Jesus... stretched out his hand, and touched him, saying `Be clean'. And immediately the leprosy left him. Lk 5:13

It remains one of the sad facts about society today that the medical truth that leprosy is not one of the really contagious disease has not `got through' to ordinary people. Leprosy sufferers are still shunned in many `civilisations' and in some parts of the world are still made to live in isolated communities. Indeed, to the shame of `Christians', there have been `Christian' hospitals that would not admit leprosy patients, for fear of what their respectable patients might think. Sad to say, the loose way in which the word `leper' is still used in current English contributes to the perpetuation of this unhealthy view of the disease. Prominent politicians have referred to those they considered moral outcasts as `the lepers of our society'. Perhaps as a start we as Christian doctors should never allow such usage of the word to go unchallenged. Certainly we should erase the word `leper' from our personal vocabulary.

Did Jesus know the medical facts about leprosy when he healed the man? When he `emptied himself' to become a man, did he allow himself in some respects to share the limited information available to those around him, and to share their real fear of contagion? We do now know. If he did, then his action showed courage. But even if he knew that leprosy does not pass itself on by a mere touch, he would still have had to overcome that initial revulsion that even we with our reassuring knowledge have to overcome when we first touch one of those patients more hideously affected by the disease.
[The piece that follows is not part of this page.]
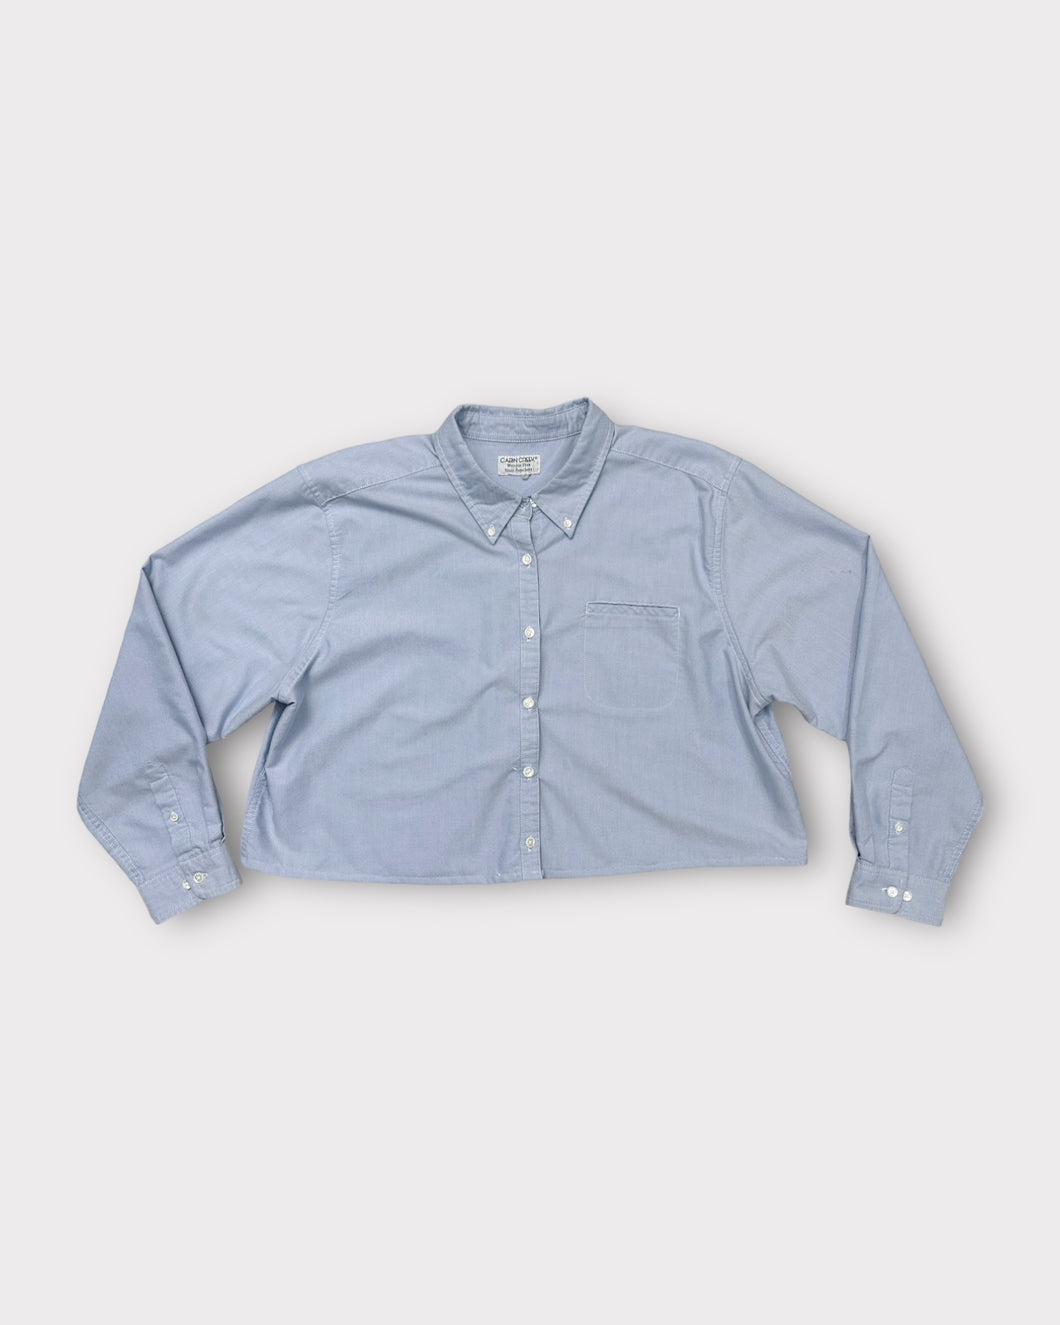 Cabin Creek Cropped Blue Button Up Shirt (L)

But for Jesus there was another aspect. He touched the man, despite the fact that there was no need (Lk 7:10. Mt 8:13); he could heal at a distance. In doing so, he shared the man's ceremonial uncleanness (Lv 22:5-6) and would then himself run the risk of being an outcast. But that was so like him. Not the easy way, but, if necessary, the costly sacrificial way. The same attitude took him to the Cross.

Help me, Lord, always to see the other person's need, as you did.
And in seeking to help, grant me grace to forget myself.

Further reading: Lk 5:12-16. Is 53:4-6. Mt 27:45-46.